2016-04-25 23:33:52 | Weblog
何かで読んだのですが、究極の幸せは4つあるそうです。それは「人に愛されること」「人に褒められること」「人の役に立つこと」「人から必要とされること」です。これを読んで私は褒められることも役立つことも出来なくても、必要とされることは何かの工夫で出来るような気がしませんか。
実は、非常に聞き上手な友達がいます。大袈裟な悩みでなくても、何かしら人は悩みを抱えているものです。それを黙って聞いてあげるだけで、悩みの主はさっぱりした顔で引き上げるのです。特別にアイデアを提供するわけでもなく黙って相づちをうっているだけですよ。人は心を吐き出すとすうっとすることが出来ます。その原則を心得ているから黙って聞くのでしょう。聞いて貰う方も、そうした存在は嬉しいものです。

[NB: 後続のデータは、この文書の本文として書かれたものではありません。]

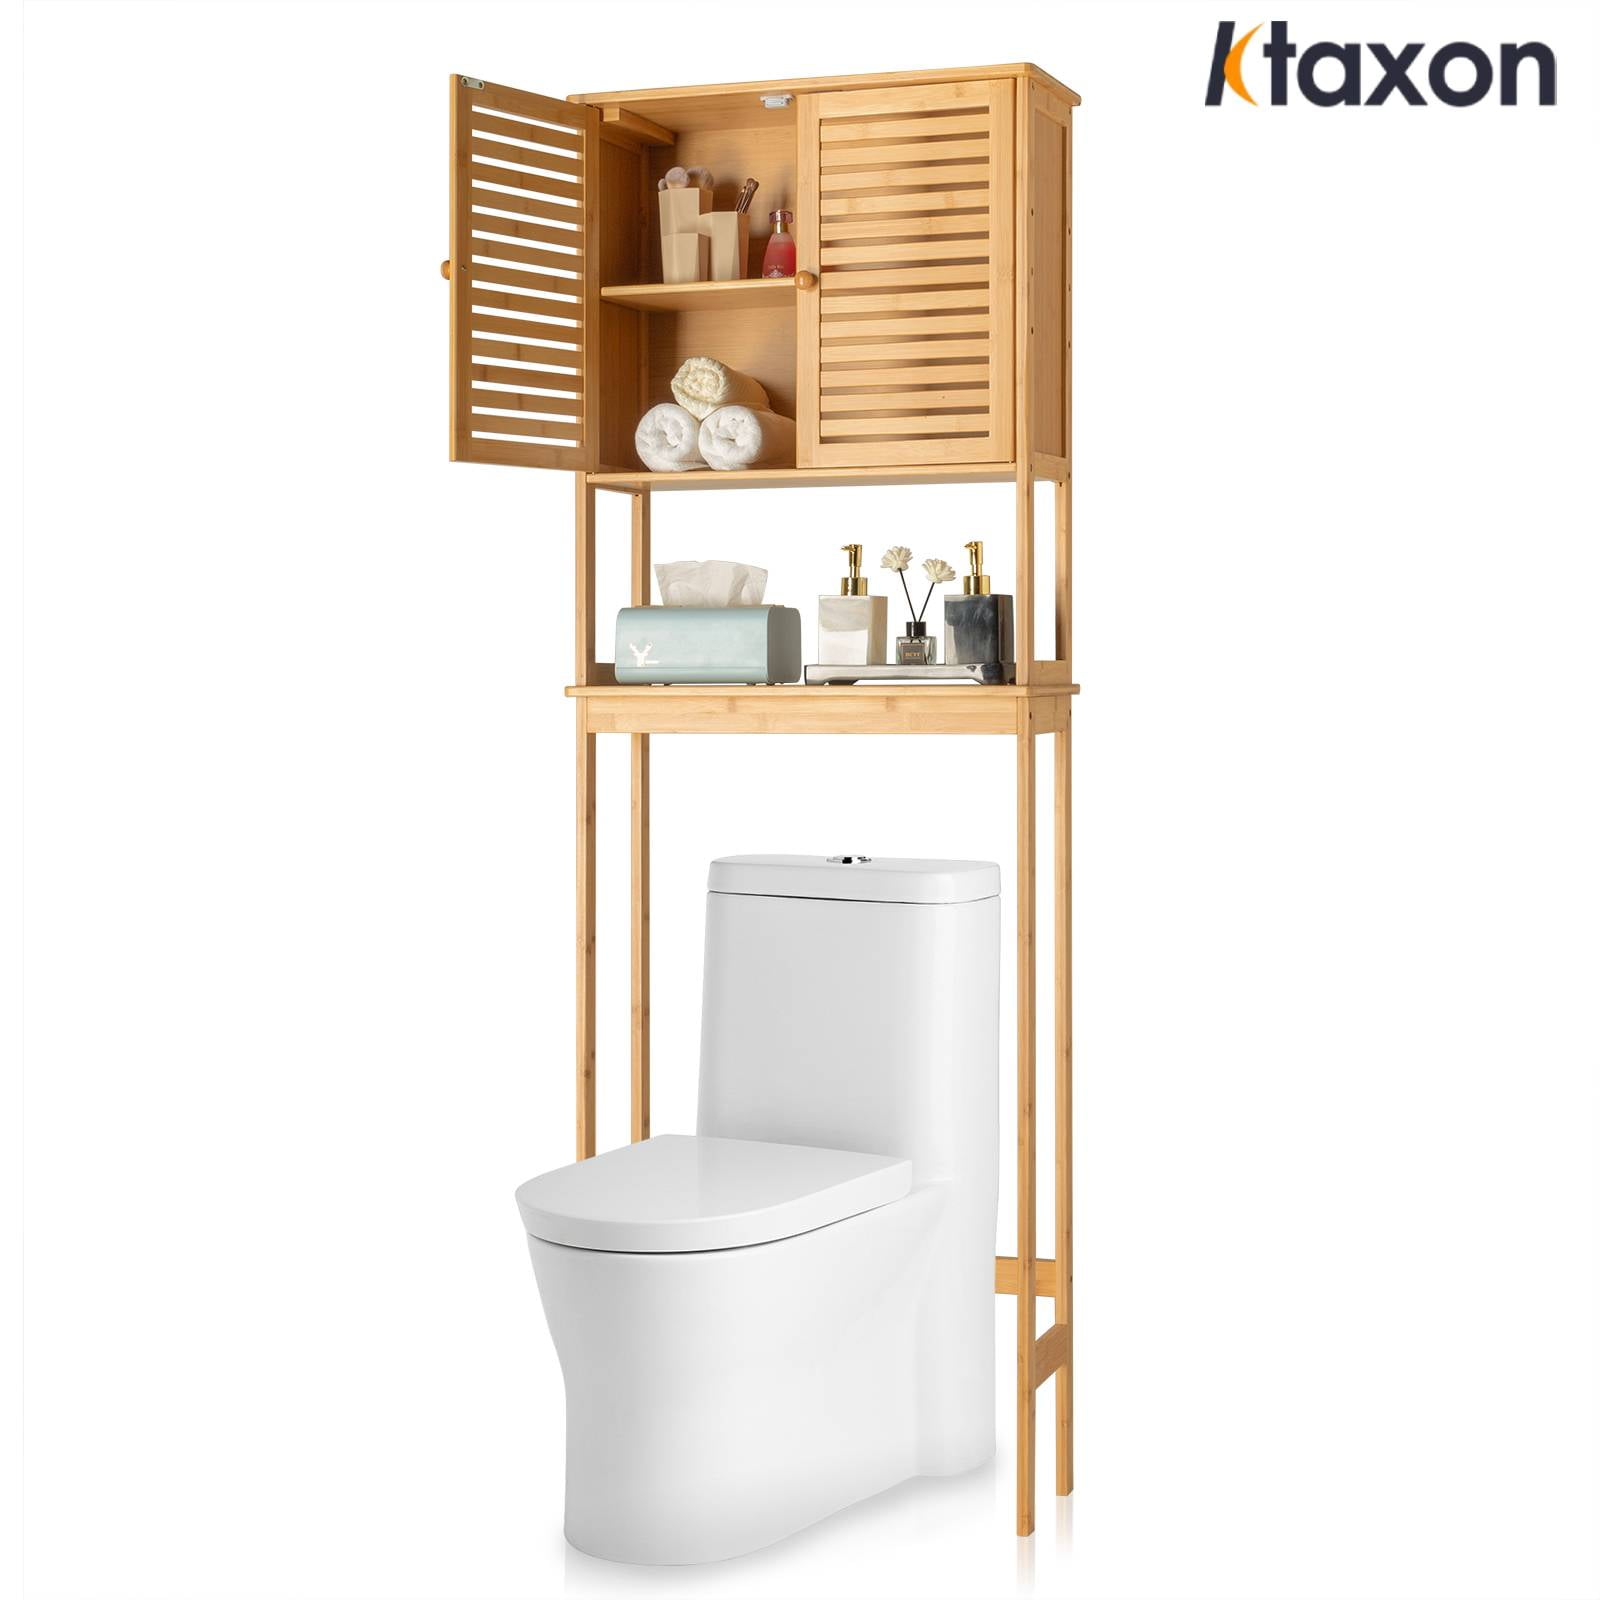 Ktaxon Over The Toilet Bathroom Storage Cabinet with Adjustable Shelf ...

この黙って聞いてあげることは、まさに必要とされる存在になるのですよね。聞いてあげることは簡単なことですが、心を込めることは難しいことです。ですから貴重なんです。必要とされることは。

ふるさと納税

2016-04-24 23:51:35 | Weblog
応援したい自治体に寄付すると減税される「ふるさと納税」が注目されています。何故注目かと言うと、本来の自分のふるさとがよりよくあって欲しいという趣旨よりも、特産品などの魅力的な返礼品によって注目されていると言っても良いかもしれません。今はなくなりましたが、生きたままの「カブトムシ」や真剣なども話題になりました。ともかく返礼品の拡充をめぐって自治体間の競争も激しくなっています。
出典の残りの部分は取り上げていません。